Capacity assessment is one of the more rigorous clinical tasks in psychiatry, and one where careful structure matters because the consequences of the assessment can include overriding the patient's stated preferences. The most important principle: capacity is decision-specific and moment-specific. A patient may have capacity for some decisions and not others, at this hour and not next hour.
The four-element analysis is the standard framework. Understanding: can the patient paraphrase the relevant information? "Can you tell me back what we just talked about?" If the patient can't recall and synthesize the basic facts, understanding fails.

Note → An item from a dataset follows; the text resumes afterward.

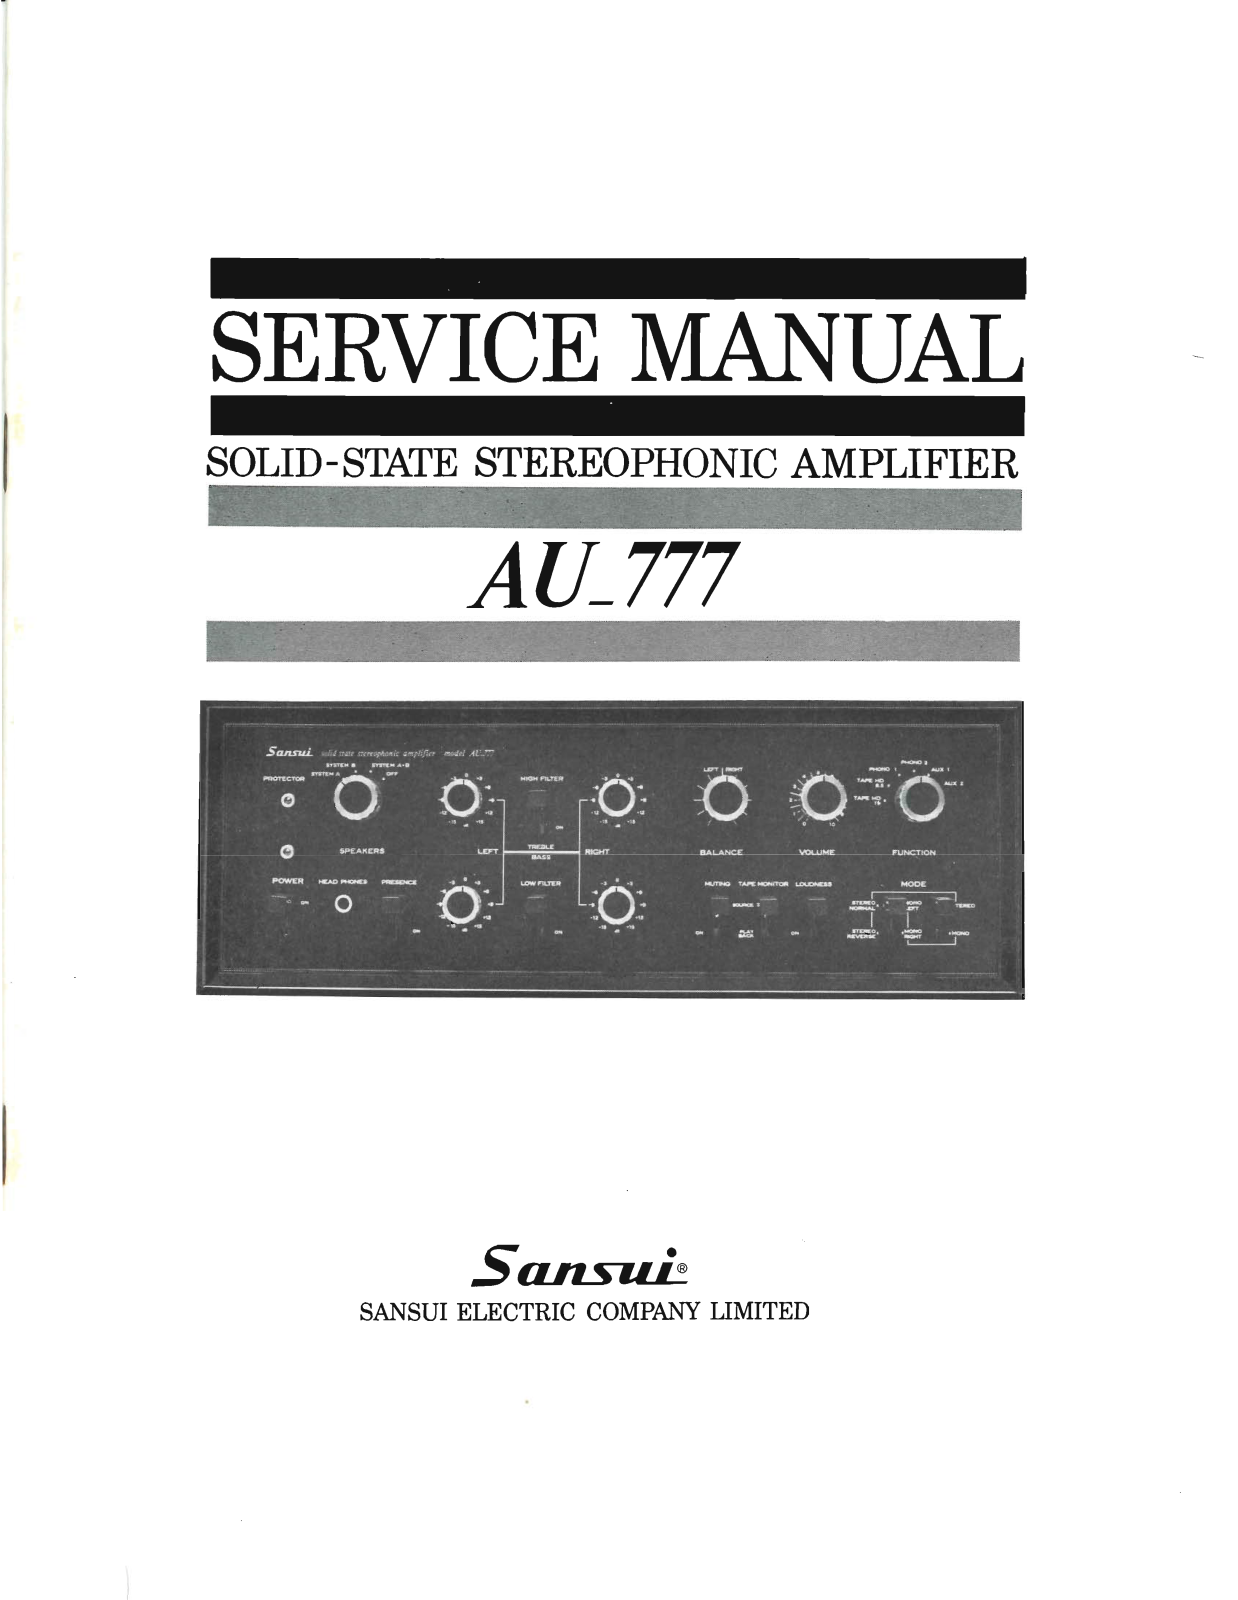 Sansui AU-777 Service Manual
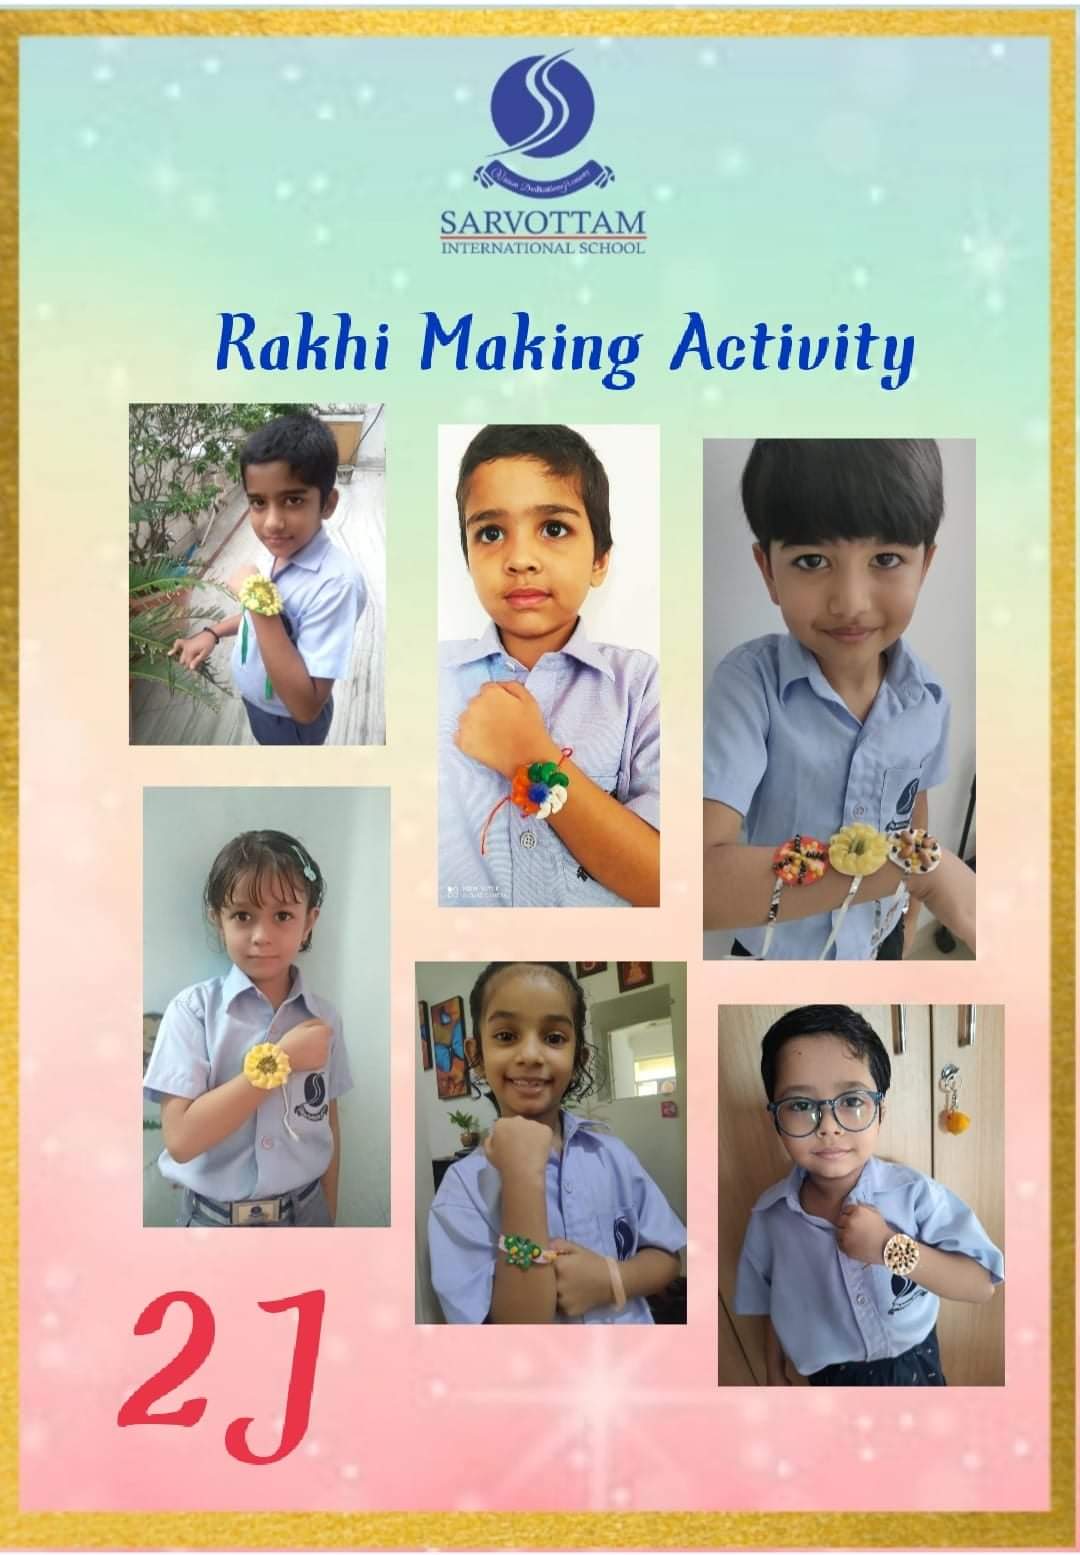 Rakhi making activity

Appreciation: does the patient apply the information to their own situation? The patient who can describe diabetes accurately in general but denies having it when their A1c is 12 lacks appreciation. Reasoning: does the patient walk through the trade-offs logically, even if reaching a different conclusion than the clinician would? Reasoning is about process, not outcome. Choice: is the patient's preference stable, not fluctuating wildly minute to minute?
Decision-specific. The patient with dementia may have capacity for some decisions (where to go for lunch, simple consent) and not others (complex medical decisions, financial planning). The patient with active mania may lack capacity for major decisions during the episode but have capacity again after stabilization. Don't treat capacity as a global trait; assess for the specific decision in question.
Capacity is not competence. Capacity is the clinical determination by the physician. Competence is the legal determination by a court. They overlap conceptually but the terms have distinct meanings; use them appropriately. A patient may have clinical capacity but be legally incompetent (e.g., a minor); a patient may be legally competent but clinically lack capacity for a specific decision during acute illness.
Disagreement isn't incapacity. The patient who decides differently than the clinician would isn't automatically lacking capacity. The patient must lack one or more of the four elements for the decision in question. A patient who deeply considers the trade-offs and chooses differently than I would is exercising capacity, not failing it.
Document specifically. "Capacity to refuse psychiatric hospitalization assessed. Understanding: patient could paraphrase recommendation and rationale. Appreciation: denies that anything is currently wrong despite manic symptoms and 5 days no sleep. Reasoning: cites delusional content as primary reason for refusal. Choice: stable. Assessment: lacks capacity for this decision given failure of appreciation."